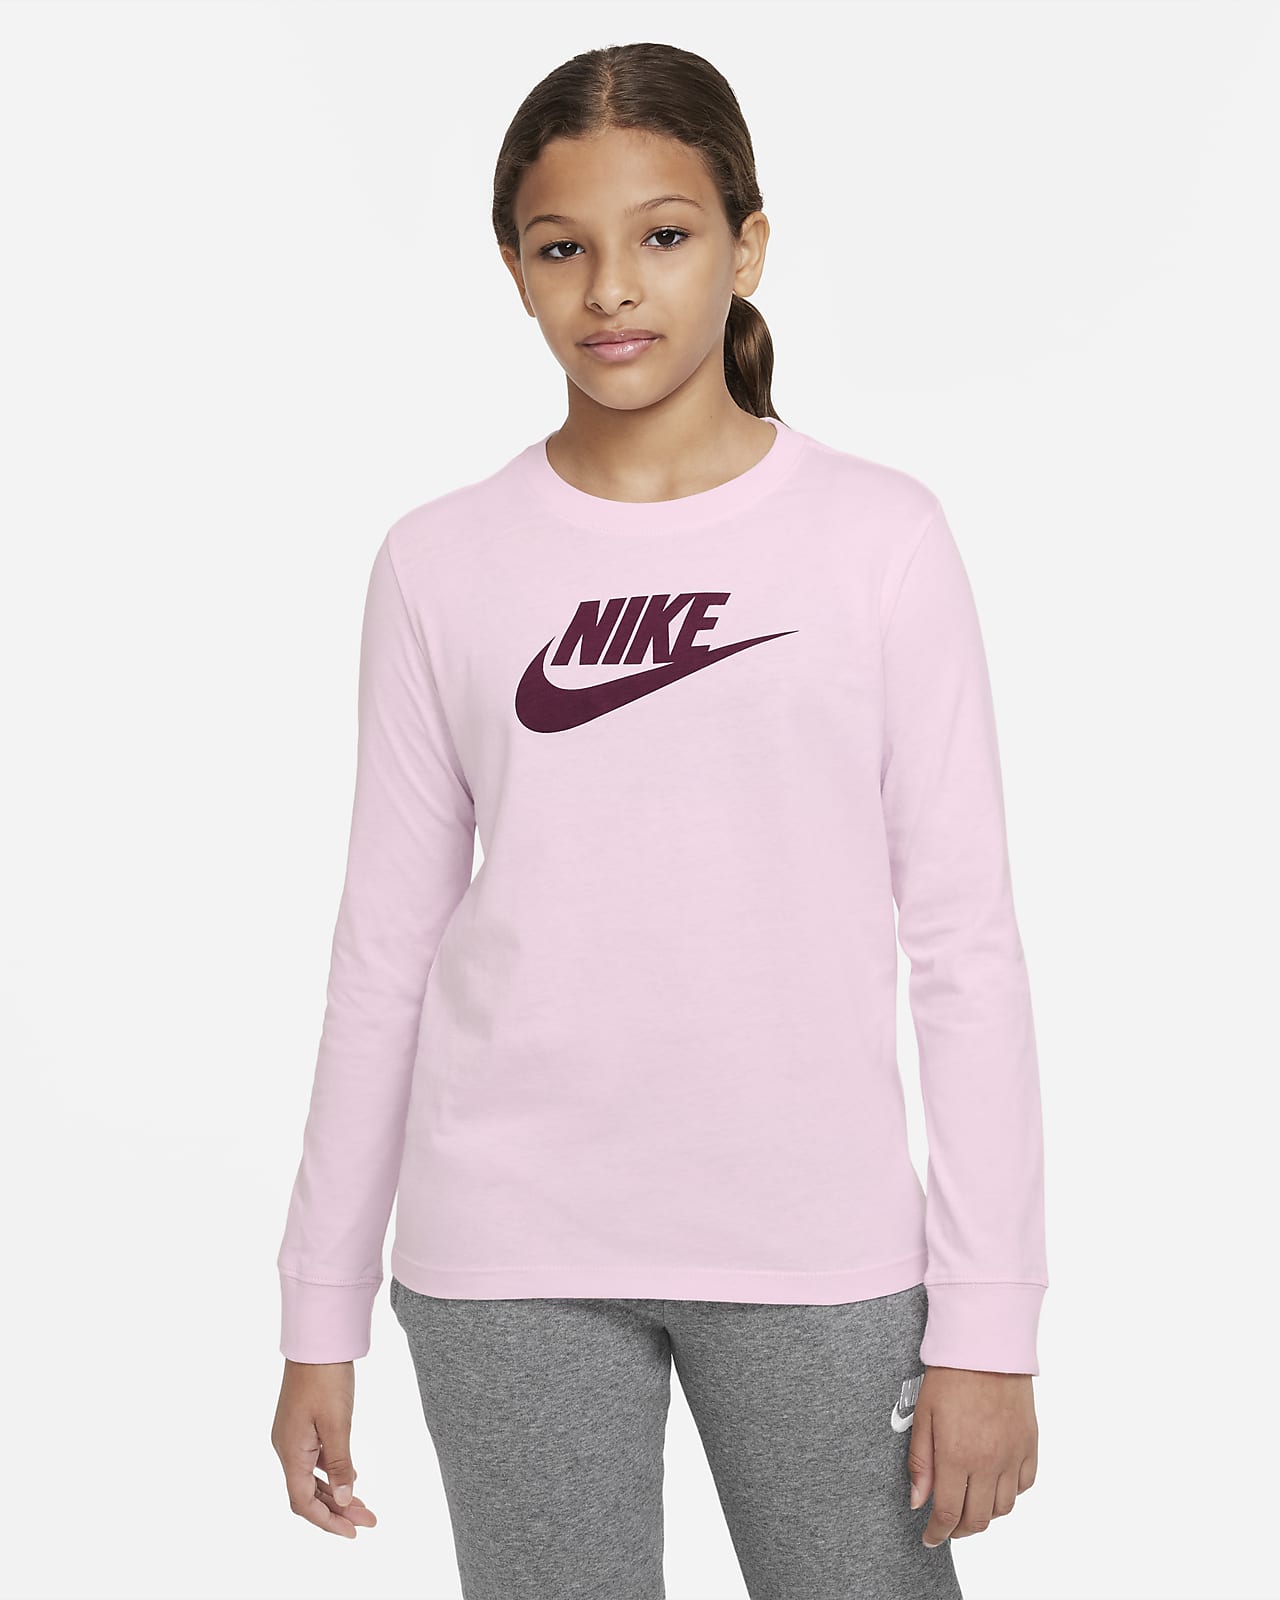 Tričko Nike Sportswear s dlouhým rukávem pro větší děti (dívky)
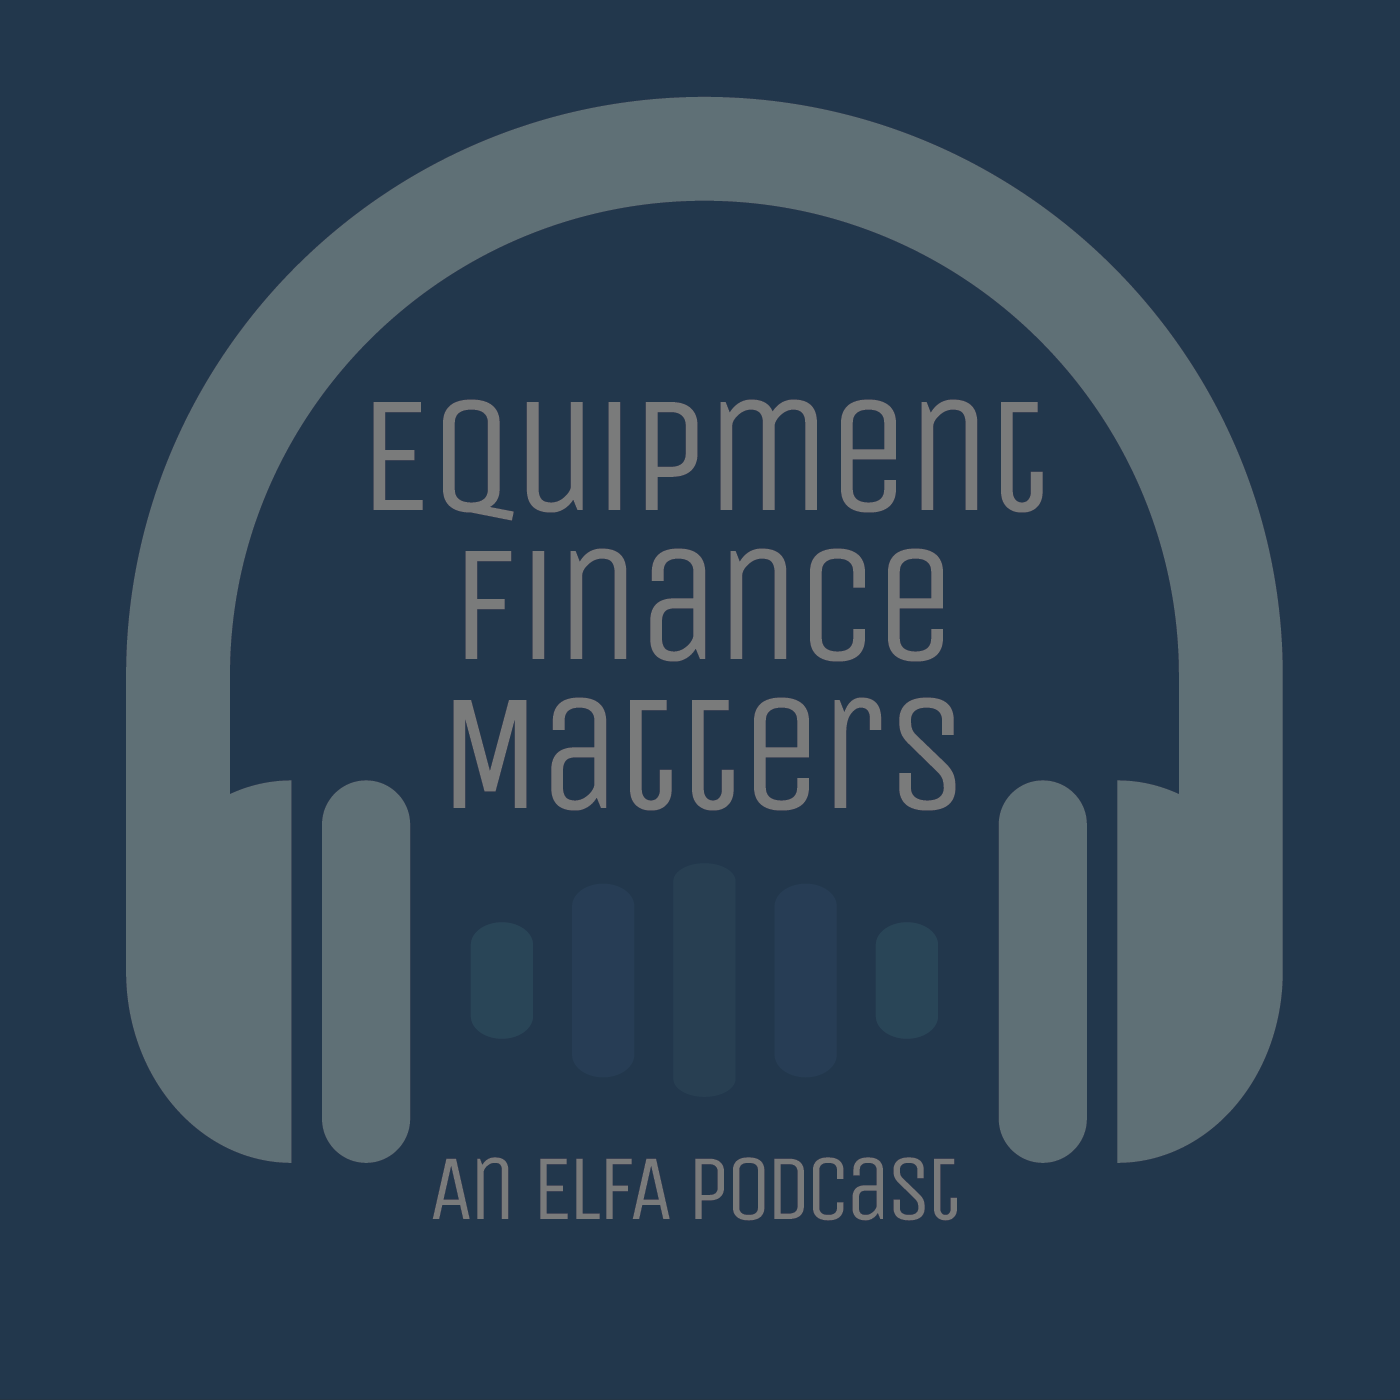 ELFA Board Chair/Finova CEO Bob Neagle featured on Equipment Finance Matters Podcast
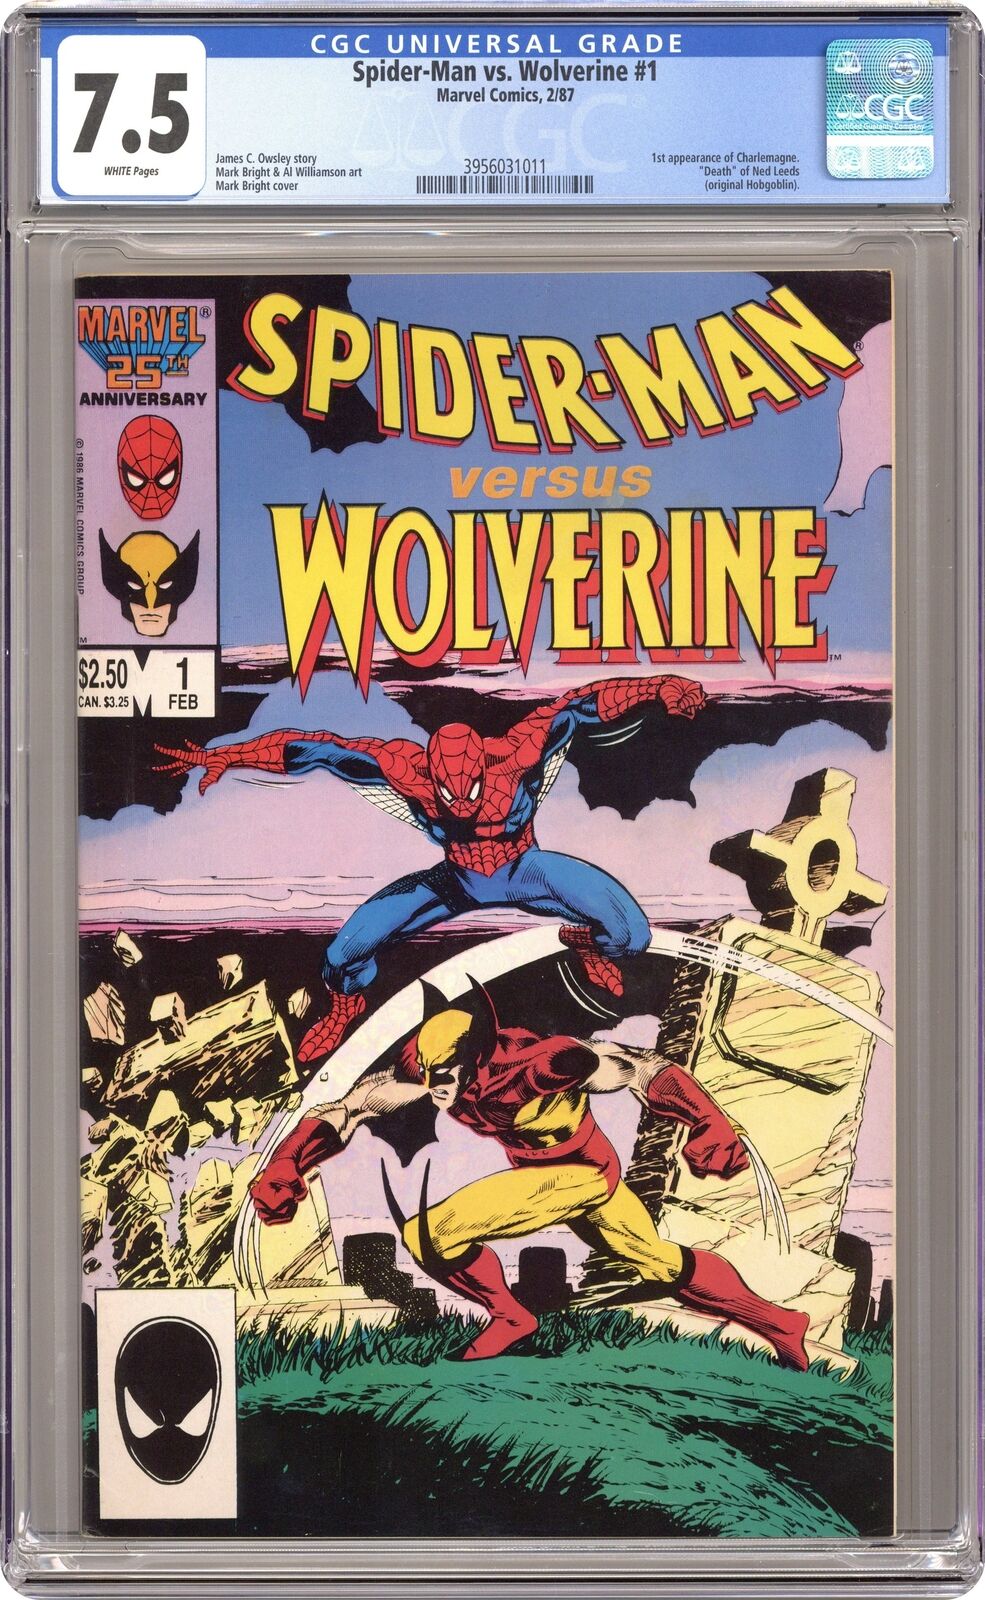 Spider-Man vs. Wolverine 1st Edition #1 CGC 7.5 1987 3956031011
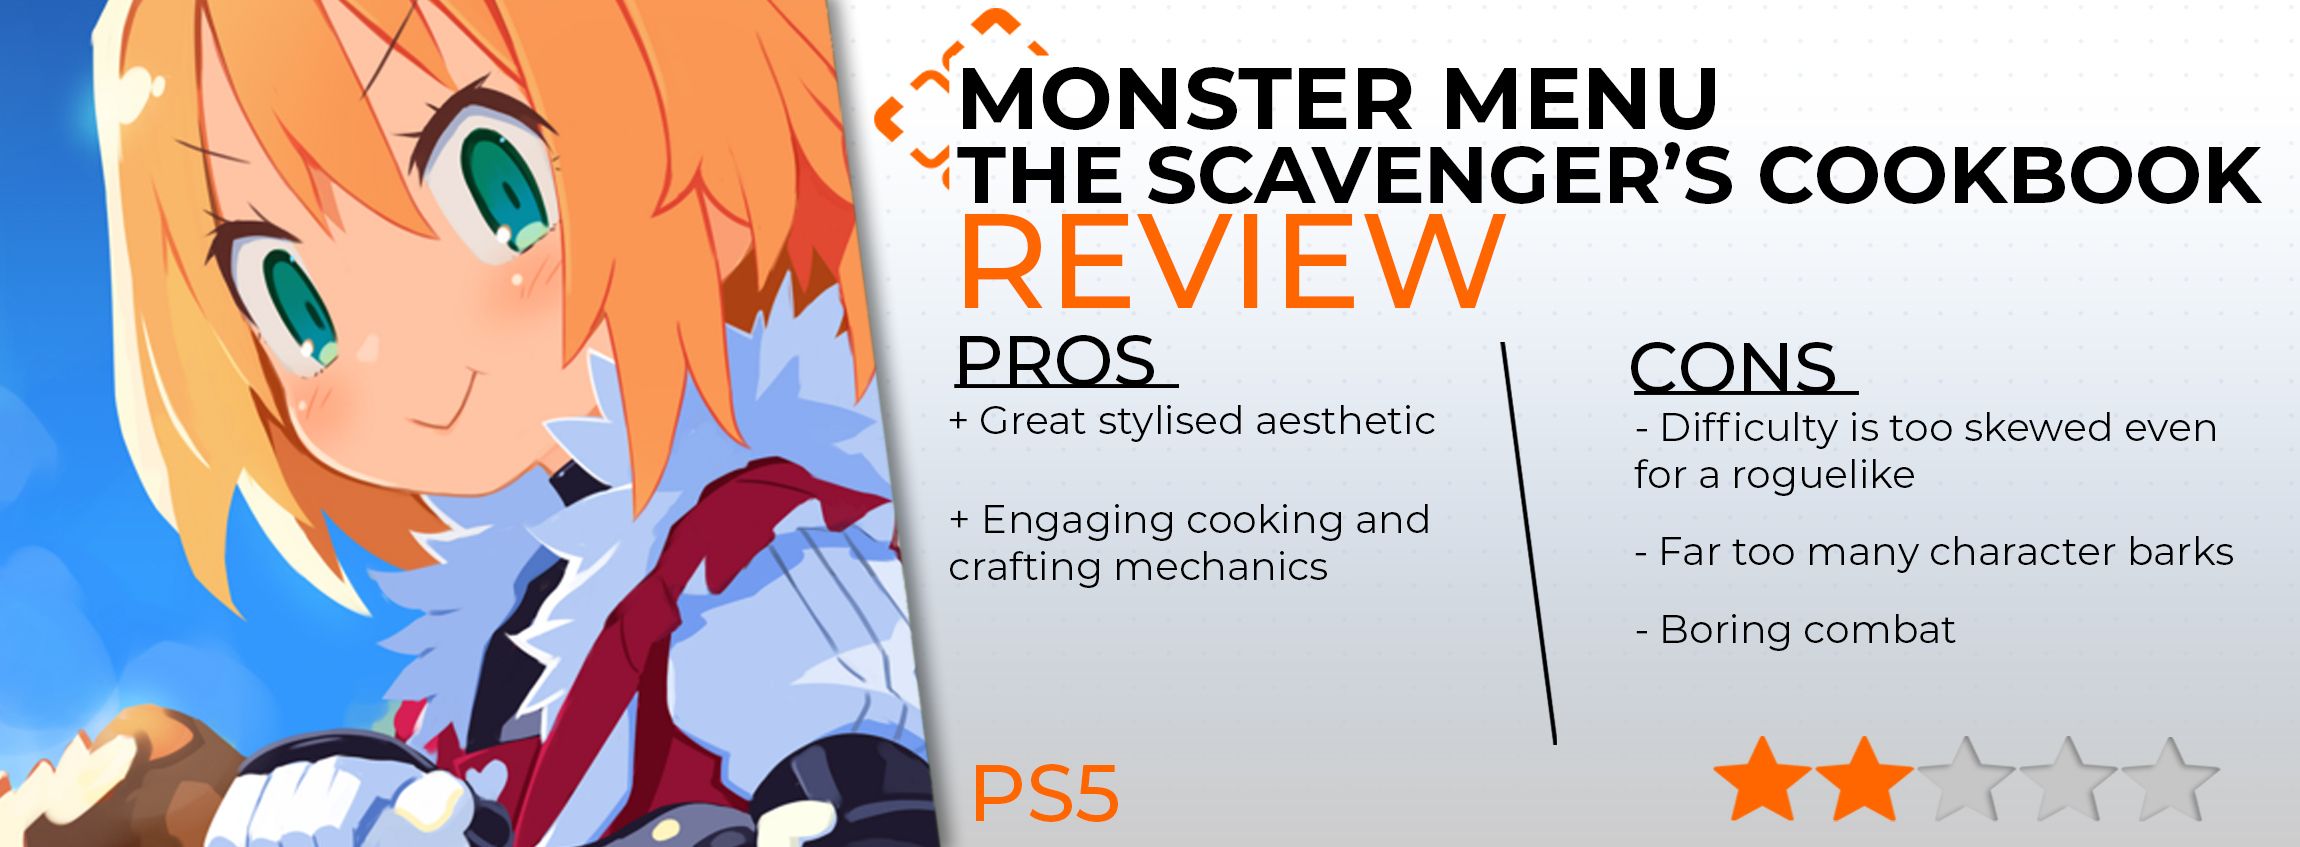 Monster Menu review card

━━━━━━━━━━━━━━━━━━━━━━━━━━━━━━

# [TO DO]
Please repeat all of the data exactly as it stands, leaving the pictures out.

# [EXERCISE OUTPUT]
 Tričko Nike Sportswear s dlouhým rukávem pro větší děti (dívky)
 ELFA Board Chair/Finova CEO Bob Neagle featured on Equipment Finance Matters Podcast
 Spider-Man vs. Wolverine 1st Edition #1 CGC 7.5 1987 3956031011
 Monster Menu review card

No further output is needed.